A few miles farther up the lake, another of the canoes was discovered,
and on the point where the party finally landed, were found those
which had been left there upon the shore. That in which the present
navigation was made, and the one discovered on the eastern shore,
had dropped through the decayed floor of the castle, drifted past
the falling palisades, and had been thrown as waifs upon the beach.

From all these signs, it was probable the lake had not been visited
since the occurrence of the final scene of our tale. Accident or
tradition had rendered it again a spot sacred to nature, the frequent
wars and the feeble population of the colonies still confining the
settlements within narrow boundaries. Chingachgook and his friend
left the spot with melancholy feelings. It had been the region
of their First War Path, and it carried back the minds of both to
scenes of tenderness, as well as to hours of triumph. They held
their way towards the Mohawk in silence, however, to rush into
new adventures, as stirring and as remarkable as those which had
attended their opening careers on this lovely lake. At a later
day they returned to the place, where the Indian found a grave.

Time and circumstances have drawn an impenetrable mystery around
all else connected with the Hutters. They lived, erred, died, and
are forgotten. None connected have felt sufficient interest in
the disgraced and disgracing to withdraw the veil, and a century is
about to erase even the recollection of their names. The history
of crime is ever revolting, and it is fortunate that few love to
dwell on its incidents. The sins of the family have long since
been arraigned at the judgment seat of God, or are registered for
the terrible settlement of the last great day.

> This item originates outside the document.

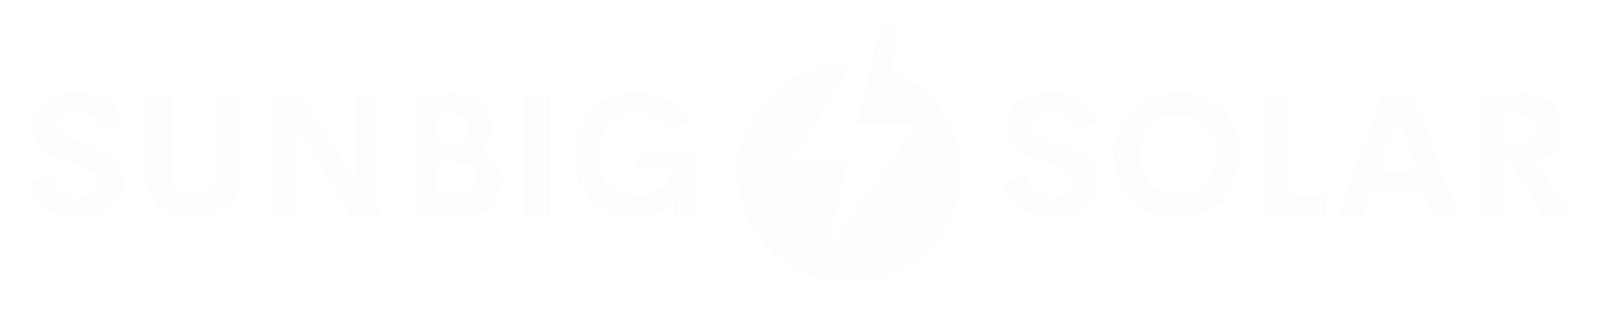 sunbig_logo

The same fate attended Judith. When Hawkeye reached the garrison
on the Mohawk he enquired anxiously after that lovely but misguided
creature. None knew her - even her person was no longer remembered.
Other officers had, again and again, succeeded the Warleys and
Craigs and Grahams, though an old sergeant of the garrison, who
had lately come from England, was enabled to tell our hero that Sir
Robert Warley lived on his paternal estates, and that there was a
lady of rare beauty in the Lodge who had great influence over him,
though she did not bear his name. Whether this was Judith relapsed
into her early failing, or some other victim of the soldier's, Hawkeye
never knew, nor would it be pleasant or profitable to inquire. We
live in a world of transgressions and selfishness, and no pictures
that represent us otherwise can be true, though, happily, for
human nature, gleamings of that pure spirit in whose likeness man
has been fashioned are to be seen, relieving its deformities, and
mitigating if not excusing its crimes.